At constant volume, there is no effect on the Equilibrium. At constant pressure, equilibrium shifts towards the greater number of gaseous molecules. There is no effect of the addition of a catalyst on the equilibrium.

Thermodynamics of Chemical Equilibrium:

The equation that relates G (Gibbs free energy change) and the Keq (equilibrium constant) of a reaction is:

${{\Delta G  =  \Delta }}{{\text{G}}^{\text{o}}}{\text{ +  RTln}}{{\text{K}}_{{\text{eq}}}}$

Where

Go is the standard Gibbs free energy change

R: Universal gas constant

T: Temperature

When the reaction is at equilibrium, the value of G becomes zero.

Thus,

${{\Delta G  = 0  =  \Delta }}{{\text{G}}^{\text{o}}}{\text{ +  RTln}}{{\text{K}}_{{\text{eq}}}}{\text{ }}$

$\therefore {{\Delta }}{{\text{G}}^{\text{o}}} =  - {\text{RTln}}{{\text{K}}_{{\text{eq}}}}{\text{ }} =  - {\text{2}}{\text{.303RTlog}}{{\text{K}}_{{\text{eq}}}}$

Relation between Keq (equilibrium constant) and ∆H° (Standard enthalpy change) and ∆S° (Standard entropy change)-

${{log }}{{\text{K}}_{{\text{eq}}}} = \dfrac{{{{ - \Delta }}{{\text{H}}^{\text{o}}}}}{{{\text{2}}{\text{.303RT}}}}{\text{ + }}\dfrac{{{{\Delta }}{{\text{S}}^{\text{o}}}}}{{{\text{2}}{\text{.303RT}}}}$

Ionic Equilibrium

An ionic equilibrium is established between an ionic compound and its dissociated ions in the solution.

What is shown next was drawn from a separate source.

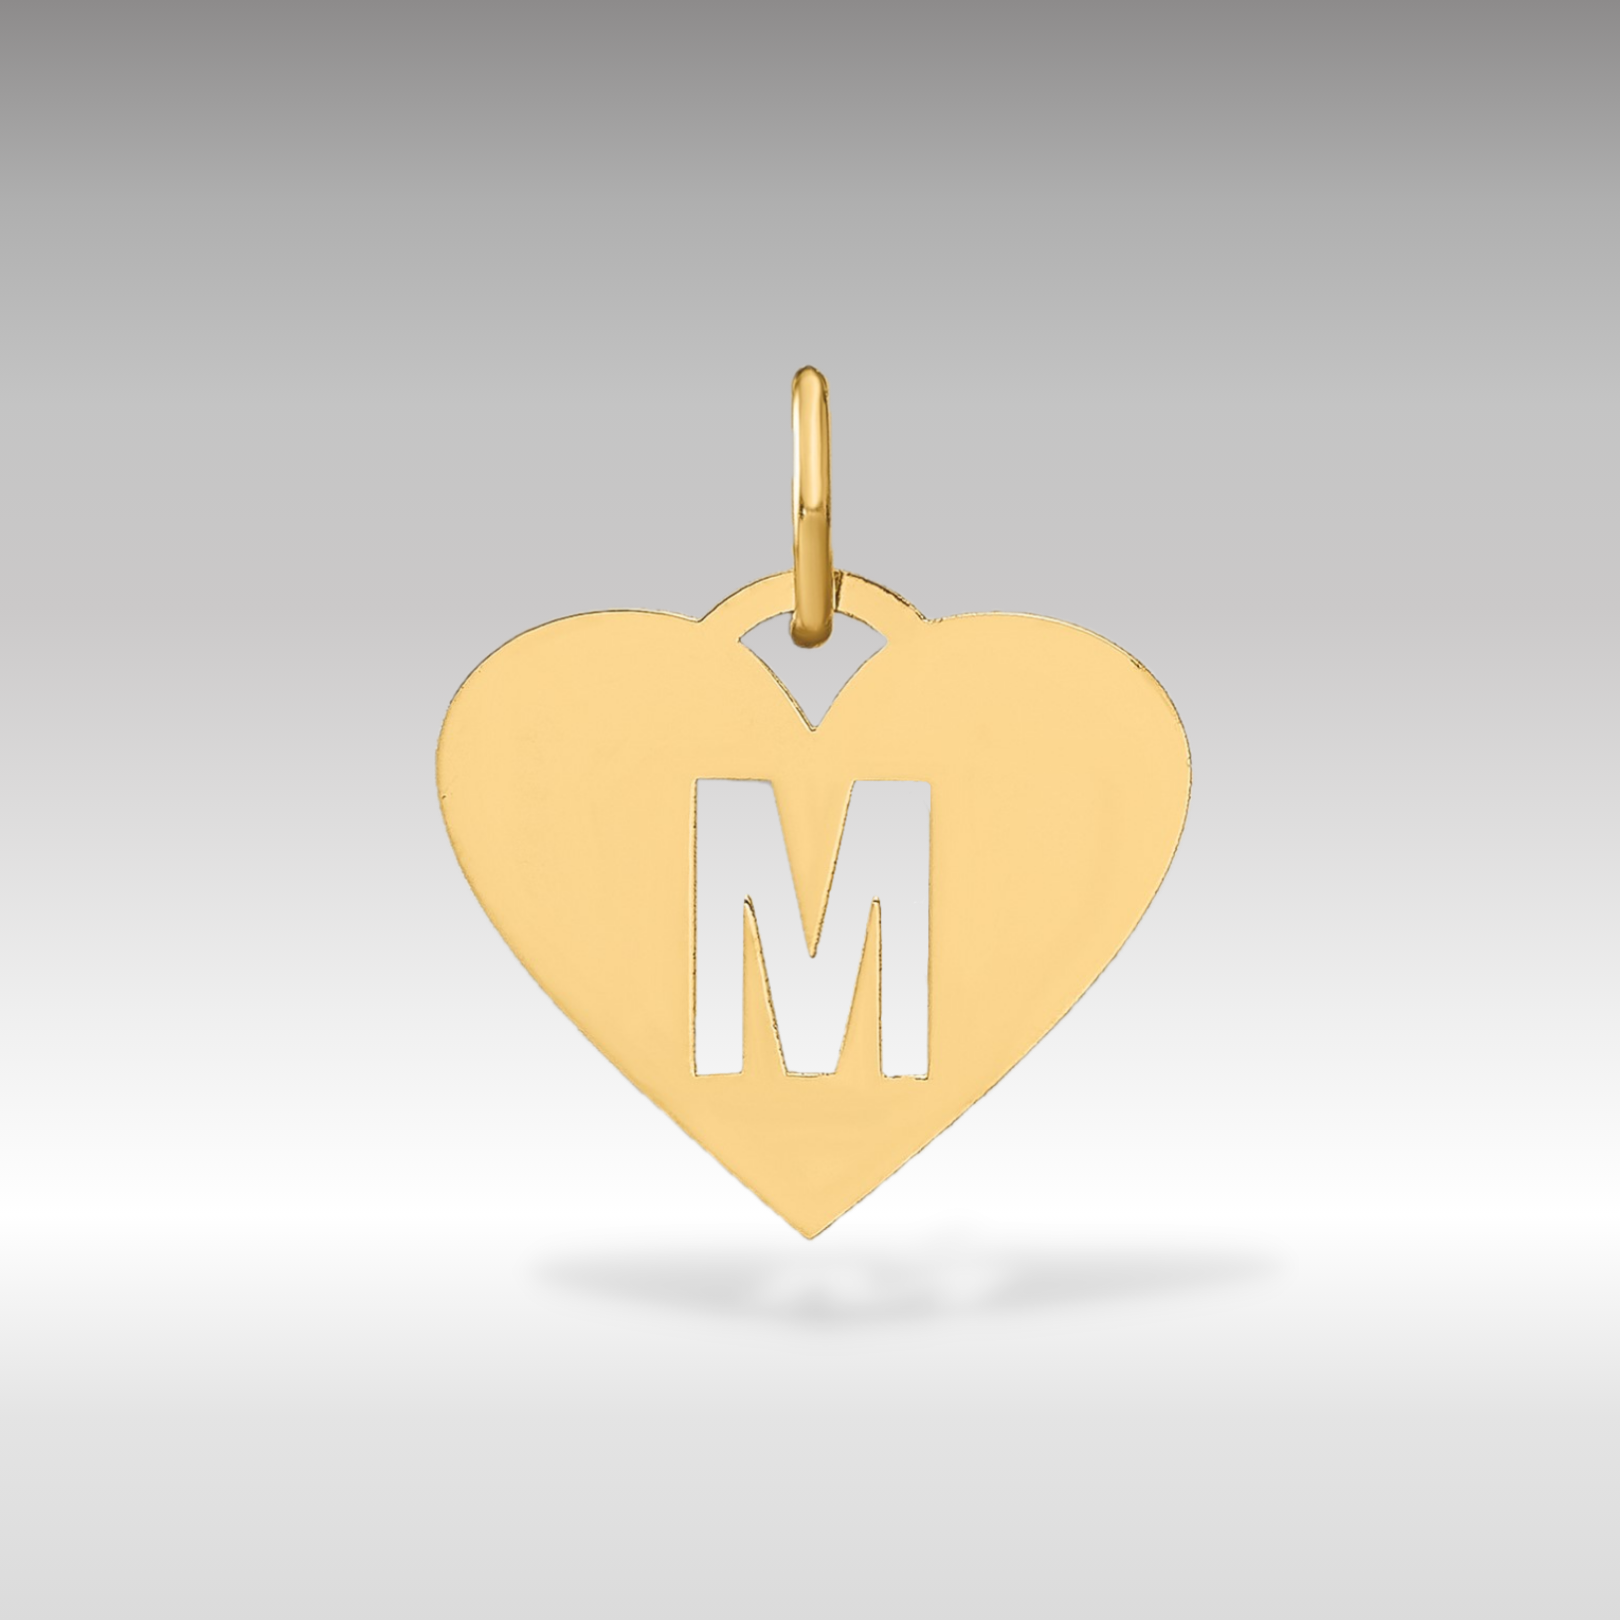 14K Gold Heart Pendant with Letter 'M' - Charlie & Co. Jewelry

Example: ${{\text{X}}_{\text{a}}}{{\text{Y}}_{\text{b}}} \rightleftarrows {\text{a}}{{\text{X}}^{\text{ + }}}{\text{ + b}}{{\text{Y}}^{\text{ - }}}$

The substances that dissociate into their constituent ions when dissolved in solution and also conduct electricity are referred as electrolytes. They include acids, bases and salts.

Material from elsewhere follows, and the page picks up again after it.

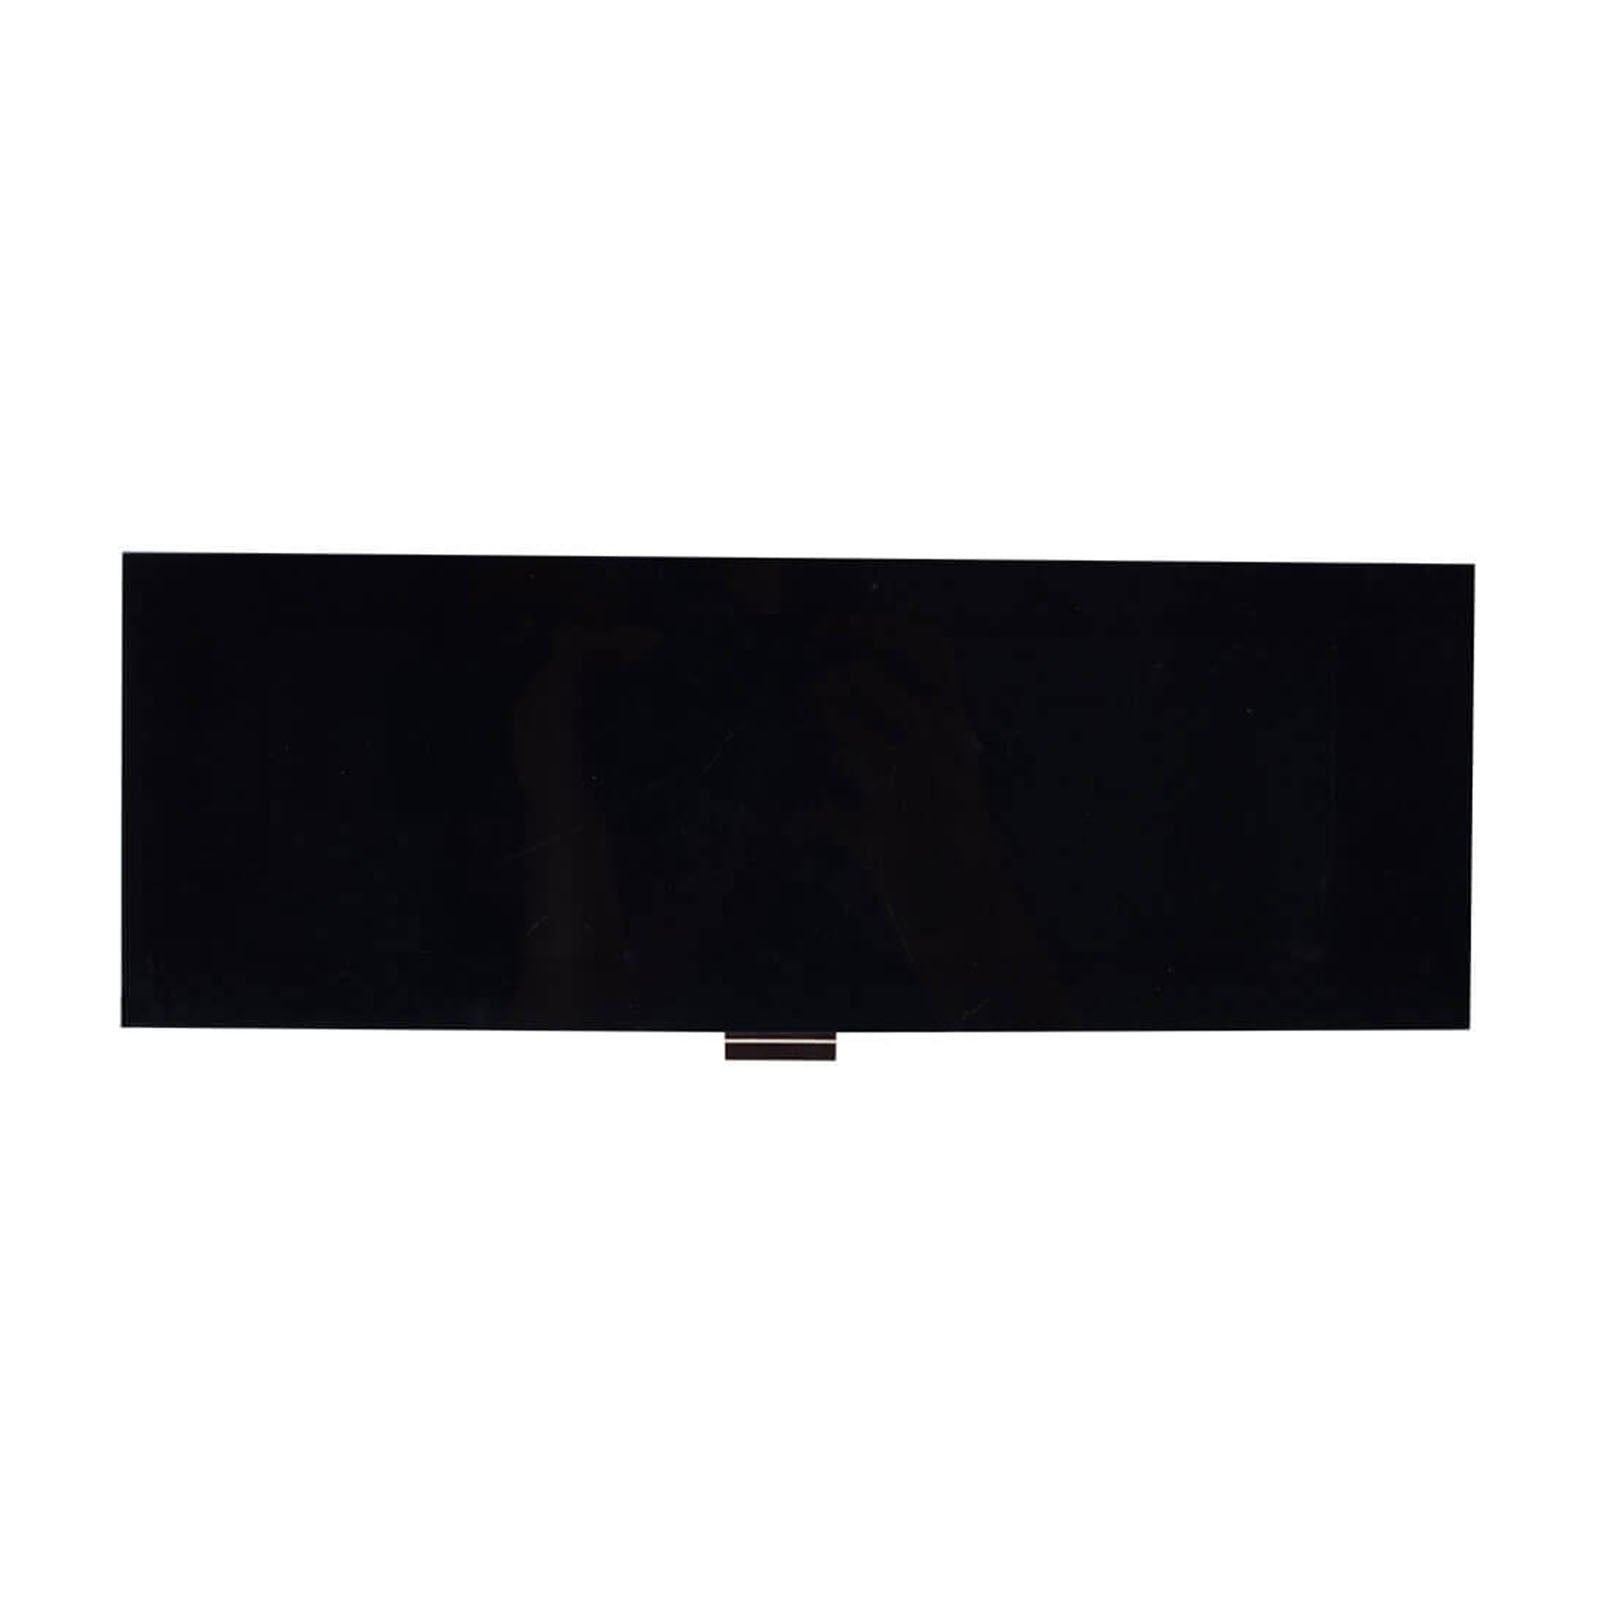 8.0-inch BAR type IPS display with 1600x480 resolution, capacitive touch, and LVDS connection

Electrolytes Can be Divided Into Two Categories: 

1. Strong electrolytes and 

2. Weak electrolytes.

Strong Electrolytes: 

They completely ionize in their solution. Strong acids (HCl, HBr, HI, HNO3, H2SO4), strong bases, and water-soluble salts like NaCl are strong electrolytes.

Weak Electrolytes: 

They ionize partially when dissolved. Weak acids, weak bases and insoluble salts like AgCl.

Ostwald Dilution Law: 

According to this law, the degree of dissection (α) of any weak electrolyte and equilibrium constant are related as-

${\text{K = }}\dfrac{{{\text{C}}{{{\alpha }}^{\text{2}}}}}{{(1 - {{\alpha }})}}$

For weak electrolytes, since $\alpha {\text{ <  <  < 1, thus  (1 - }}\alpha ) = 1$

$\therefore {\text{K = C}}{{{\alpha }}^{\text{2}}}{{ or \alpha  = }}\sqrt {{\text{K/C}}} $

Next, the dissociation constant of an acid is represented by Ka and the dissociation constant of a base is represented by Kb. The relationship between Ka and Kb is:

${{\text{K}}_{\text{a}}}{{ \times }}{{\text{K}}_{\text{b}}}{\text{ = }}{{\text{K}}_{\text{w}}}{\text{ = 1}}{{.0 \times 1}}{{\text{0}}^{{\text{ - 14}}}}$

Where Kw is the ion-product constant of liquid water.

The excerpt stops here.